Problem description: Beginning with the line that contains "Arena Hałasu hip-hop", restate each line below through the final one exactly, and exclude the pictures.

Provided data:

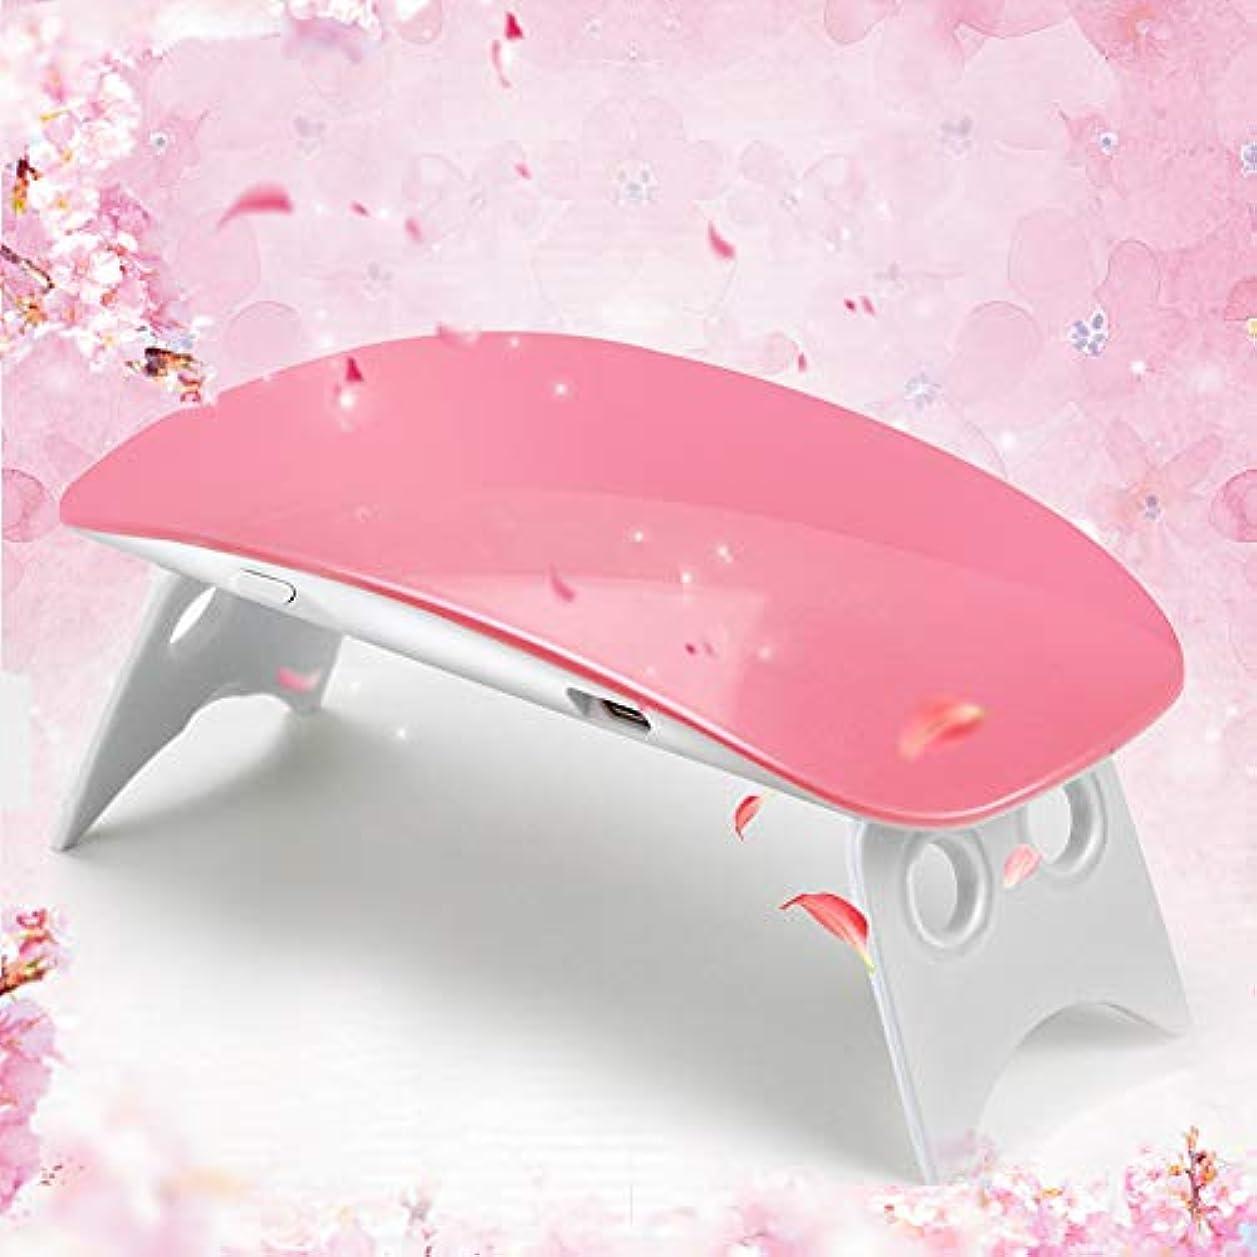 予測するパターン甲虫Twinkle Store 6W ピンク ネイルドライヤー ネイルアートツール ネイルライト ネイルデザイン 硬化用ライト
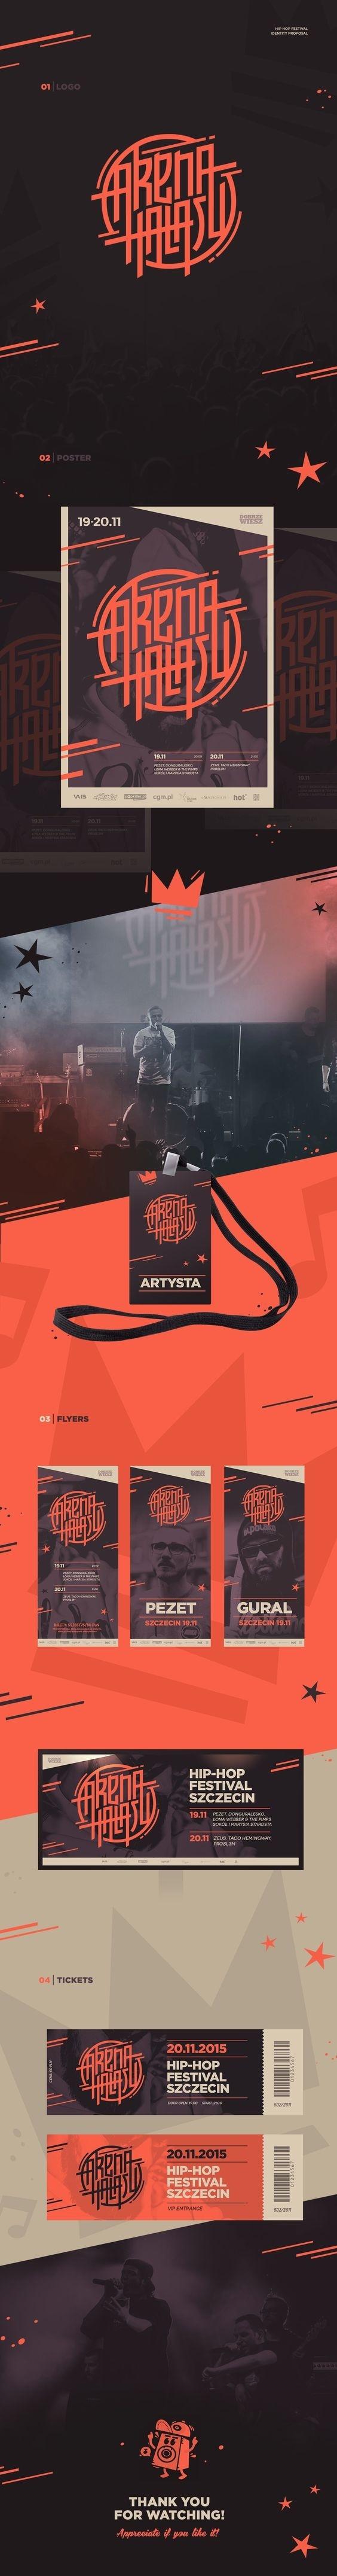 Arena Hałasu hip-hop festival Branding by Piotr Kubicki
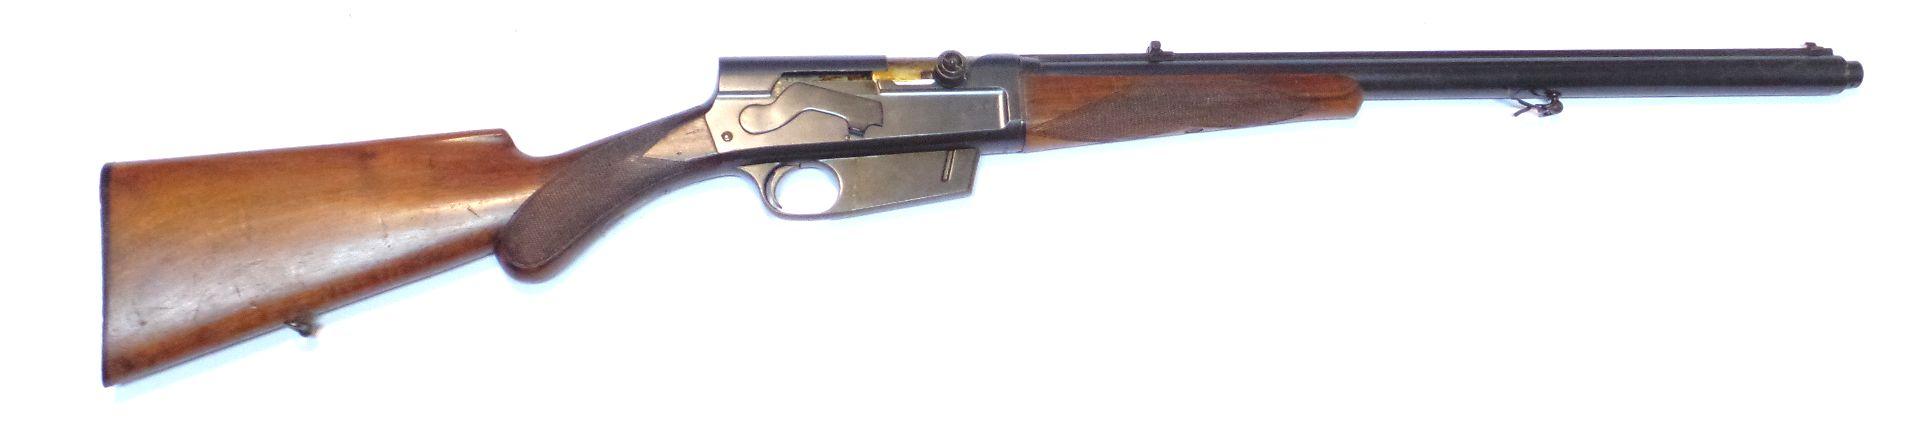 Browning - FN - Modèle 1900 calibre 35 Rem

Solution:
 Arena Hałasu hip-hop festival Branding by Piotr Kubicki
 Browning - FN - Modèle 1900 calibre 35 Rem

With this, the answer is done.